Between the flattened characters, twisted plot, and easy-to-swallow morals, watching the movie gave me an appreciation for the story that I didn’t have upon first read. At first I found Saunder’s writing a bit overdone and the ending overwrought, but after enduring the forced slapstick of the movie’s ending, I appreciate Saunder’s restraint.
Luckily, the movie has its own attractions. Like Shadow of Violence, it’s partially salvaged by the acting. Chris Hemsworth is delightfully loopy as mad scientist Abnesti while Miles Teller is entirely too handsome to play average-guy Jeff, even with a mullet (in an addition I’ll forgive the filmmakers for, a heavy-handed visual representation of Jeff’s complicity in Abnesti’s schemes ends in Jeff doing his best “out damned spot” at the sink, shirtless. It’s at 55:40 if you’re impatient.)
Unfortunately I can’t say the same for the cinematography or soundtrack; the filmmakers are very proud of their “yacht rock” song picks, but it didn’t work for me except in the opening credits (The Logical Song by Supertramp). She Blinded Me With Science is just too on the nose. The look of the movie was similarly uninspired. For example, in a scene where Jeff tries a drug that’s supposed to make everything look shiny and beautiful and new, or as Saunders puts it, as if one was “sensing the eternal in the ephemeral,” all we get to see is a bit of an aura and some oversaturated colours.
Like Shadow of Violence did before it, Spiderhead took a fairly complex and dark story and dumbed it down until it became a typical thriller.
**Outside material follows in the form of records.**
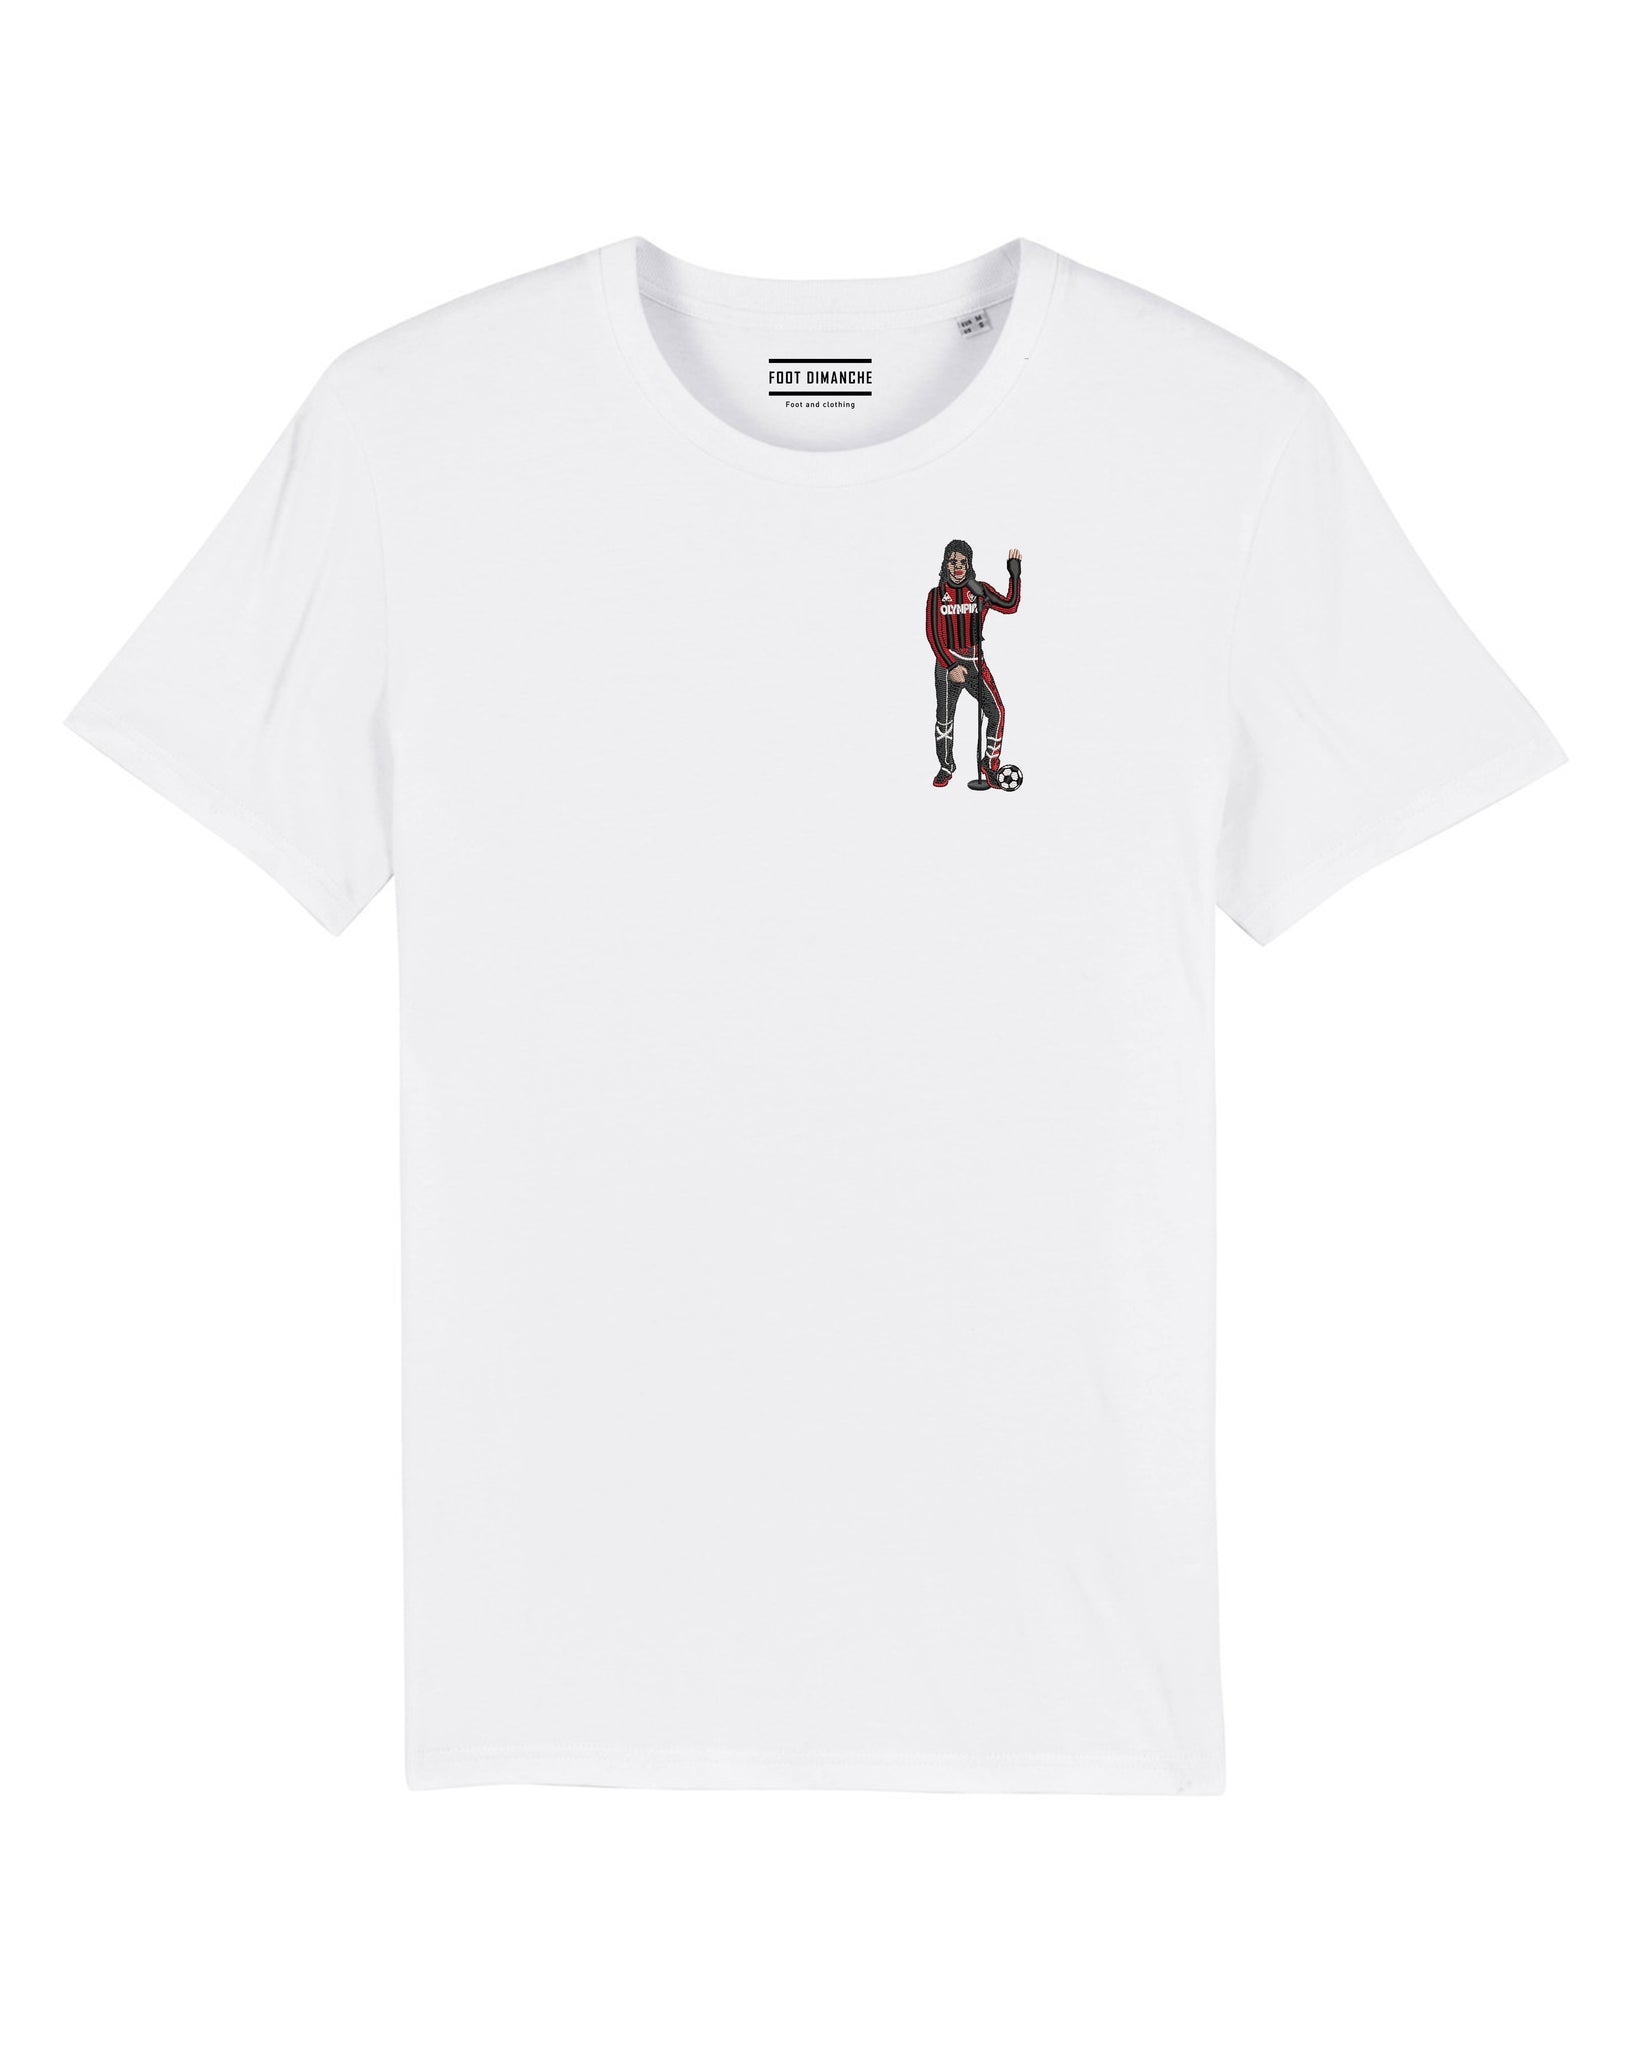 Tee Shirt Michael Jackson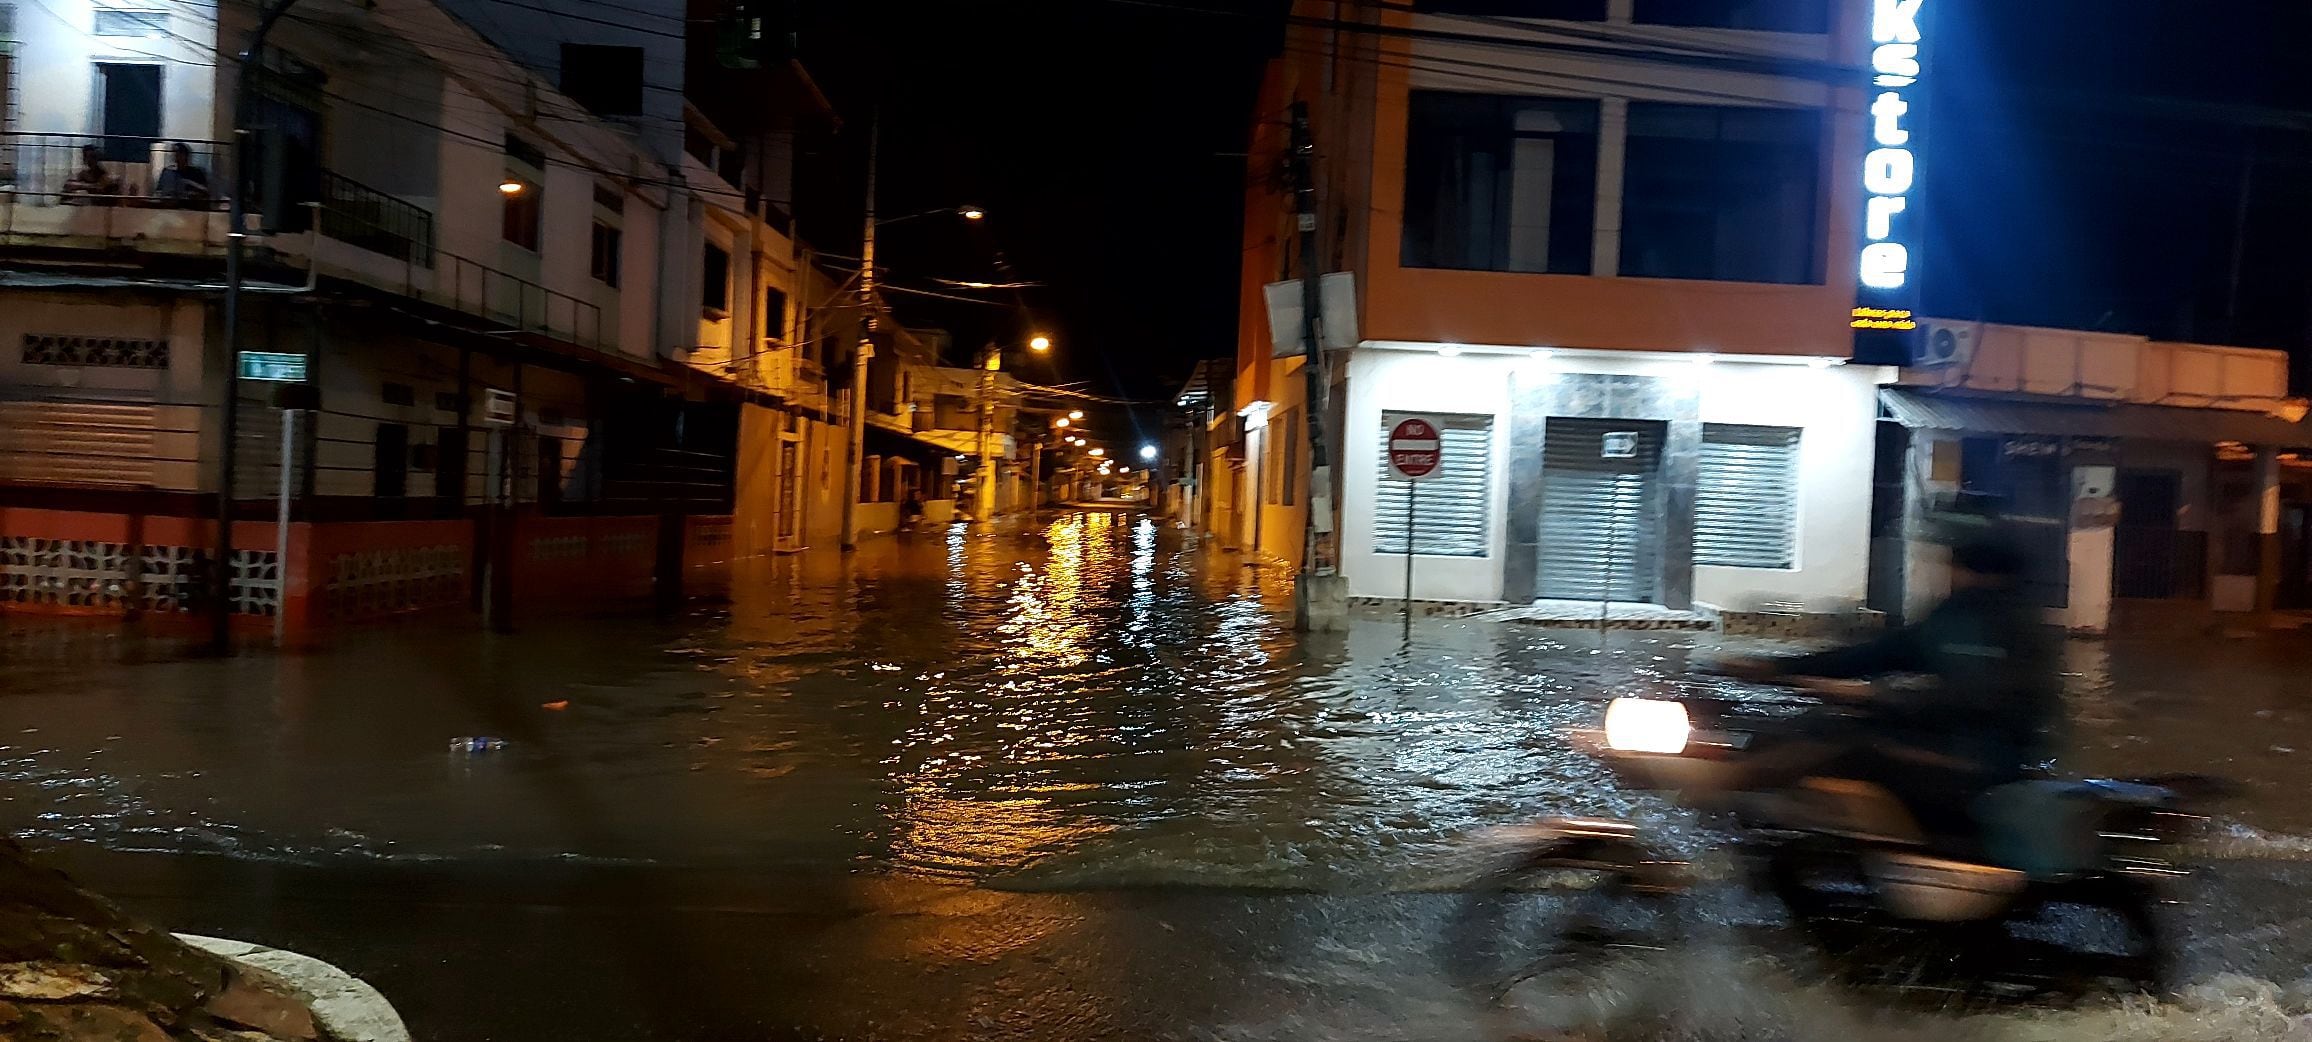 Calles inundadas en Milagro por fuerte lluvia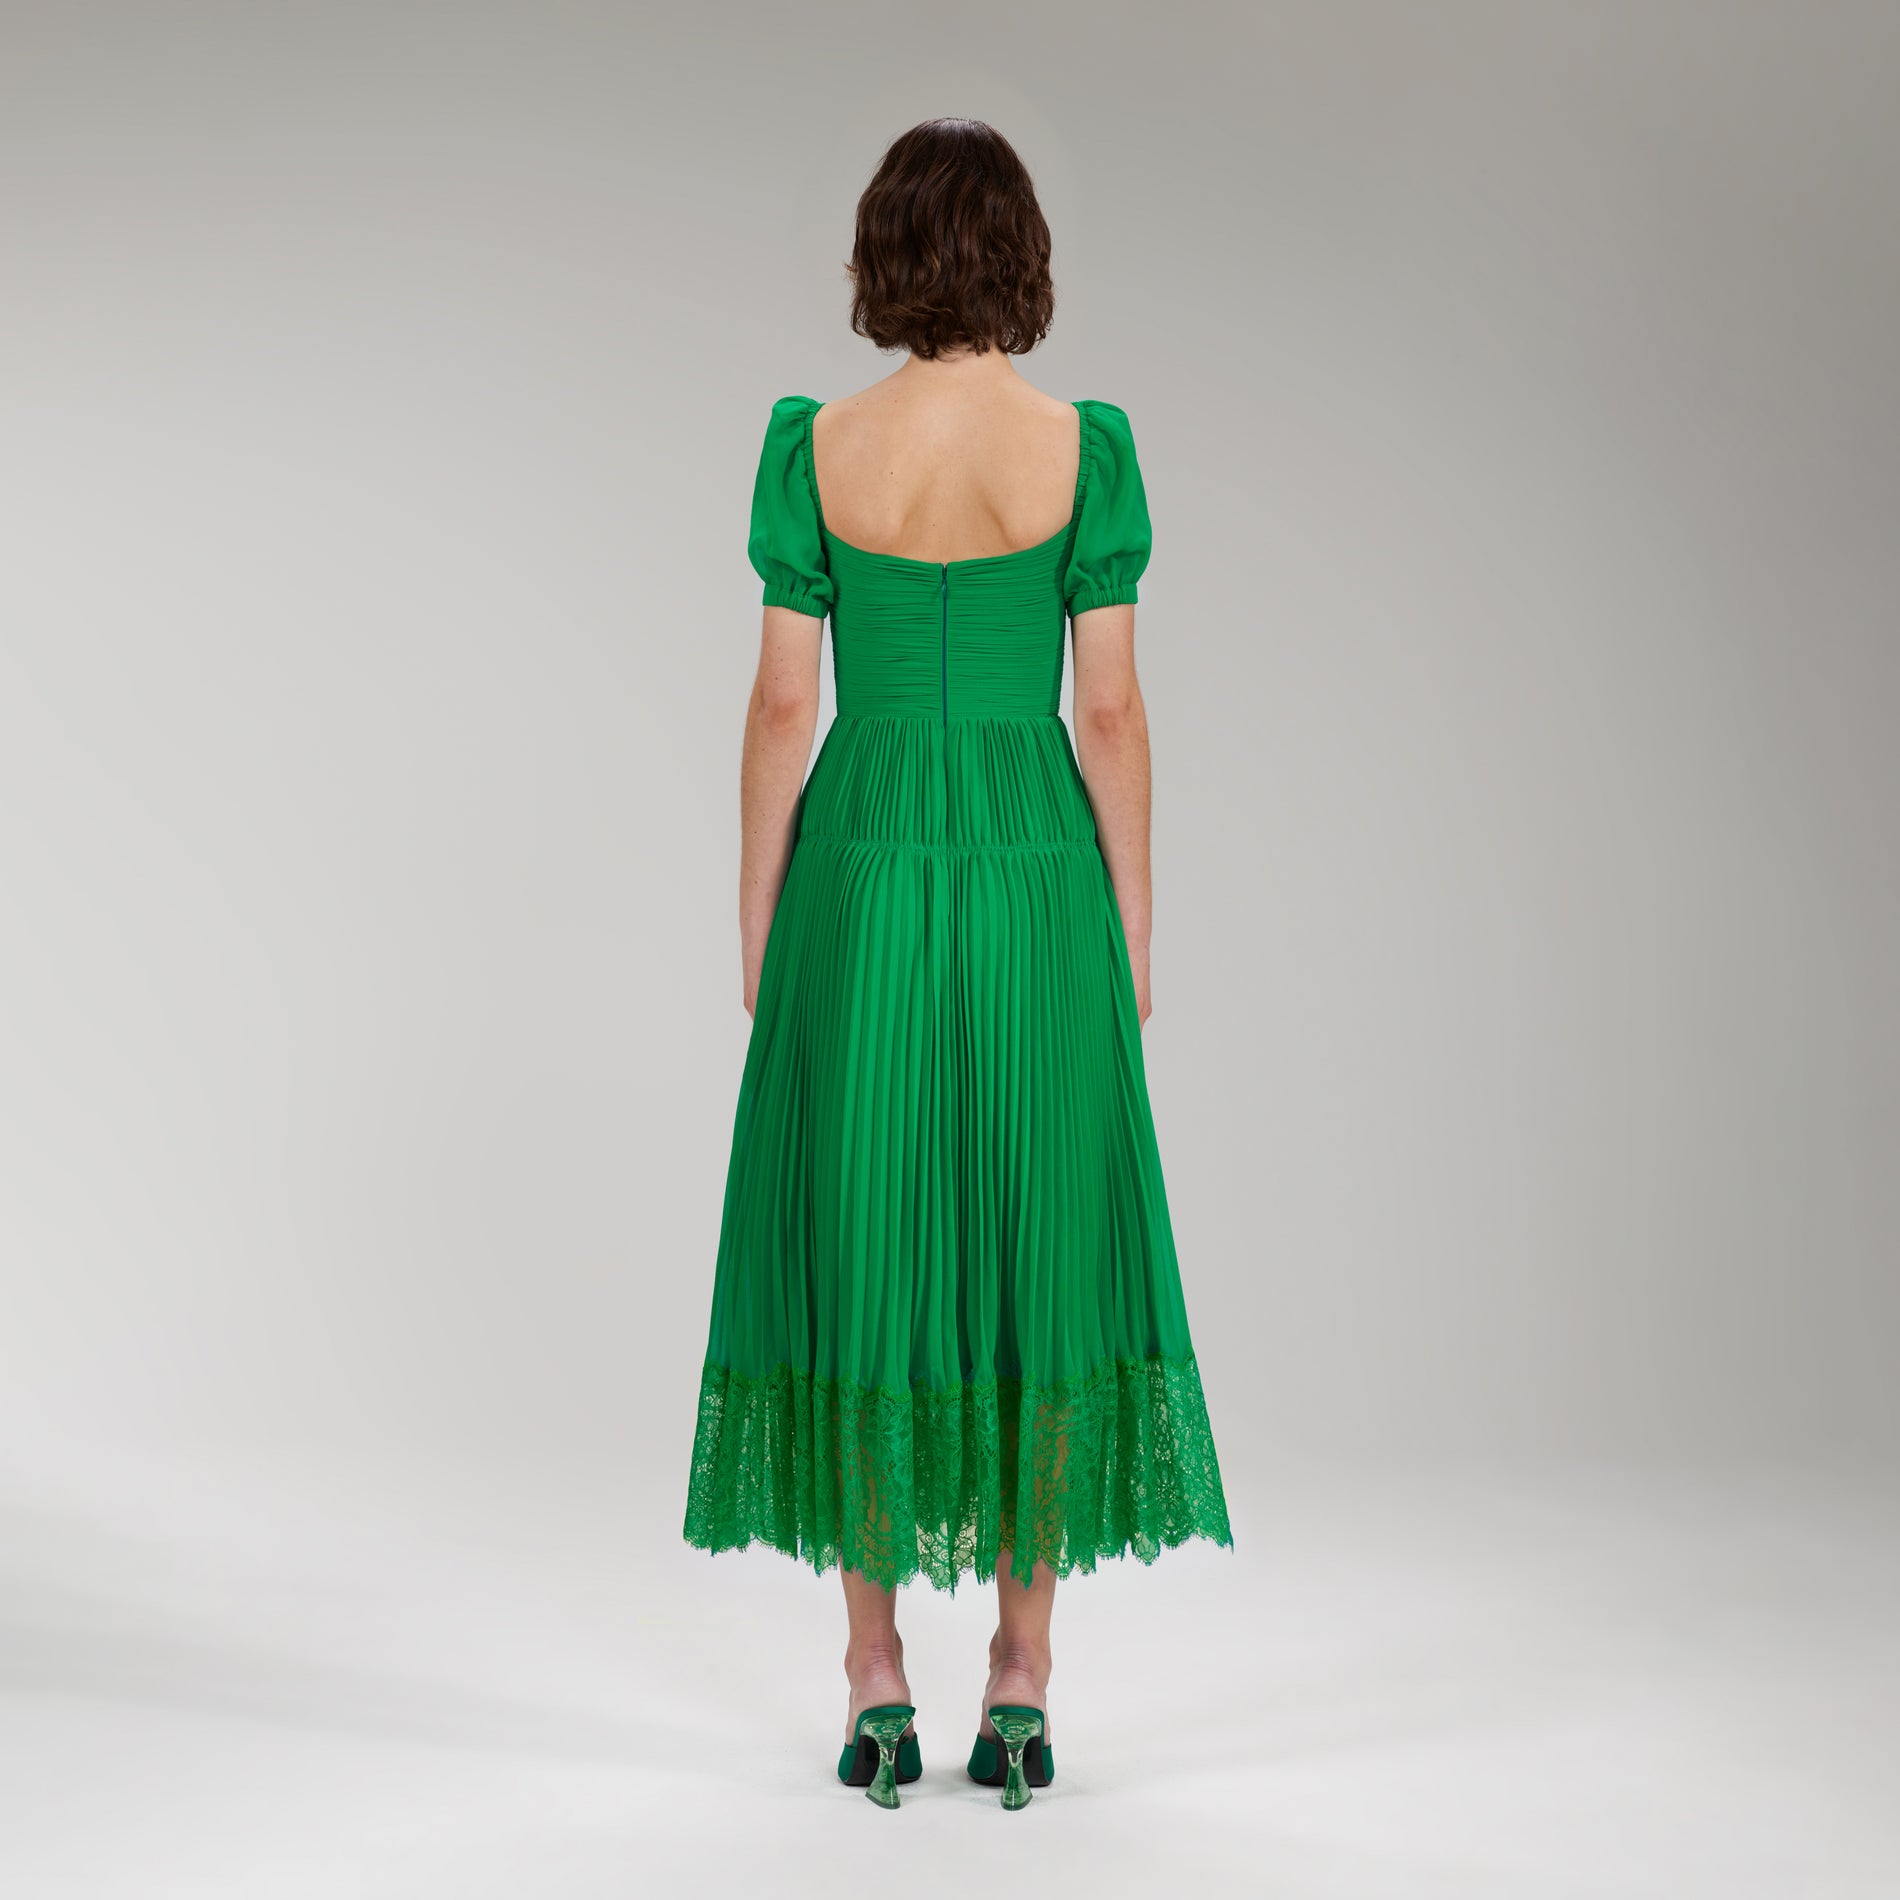 A woman wearing the Bright Green Chiffon Cut Out Midi Dress

I can’t figure out if this is more insulting to movie-goers, who apparently need protagonists to be Good, antagonists to be Bad, and endings to be Happy, or to screenwriters, who apparently lack the imagination to bring a morally grey story to the screen. I promise you, the people who enjoy these types of short stories can deal with a flawed protagonist! Some of us prefer it!
But, I suppose, if Hollywood MUST keep doing this, let’s hope they continue casting Miles Teller as the “average looking guy”. I love to laugh at the movies.
I don’t know either story or either film, but I really enjoyed how you analysed these adaptations, Laura. And interesting that such an interventionist adaptation made you appreciate the middling George Saunders story more. I’ve only read Lincoln in the Bardo, which put me off trying anything else by him.
I wonder whether, alongside assuming viewers couldn’t cope with morally ambiguous characters, there was an element of assuming ‘beefcake’ actors would lack the emotional range to play such characters. I don’t know Miles Teller, but I’ve seen Hemsworth in the Avengers franchise and in the Ghostbusters reboot and get the sense that he’s more than capable of taking on more challenging jobs.
Thanks Jan! I DNF’d Lincoln on the Bardo. Interesting theory about the casting… but then why not cast actors who have the range… not complaining, I mostly watched this for the actors if that want clear 😉. And agree they were both more than capable. I think it’s more the screenwriters!
No fear, it was clear! 😆
This sounds like a fun project. I think it would be hard to turn a short story into a movie without changing things or adding on. But the things changed and added still have to make sense to the original story. Do you know of any adaptions from short stories that have been successful?
I was actually thinking of watching a Sarah Polley-directed adaptation because I bet it’d be good. Like Away From Her. Or Women Talking (I know that’s not a short story!). But yes I’m thinking for my next one I need a more successful adaptation!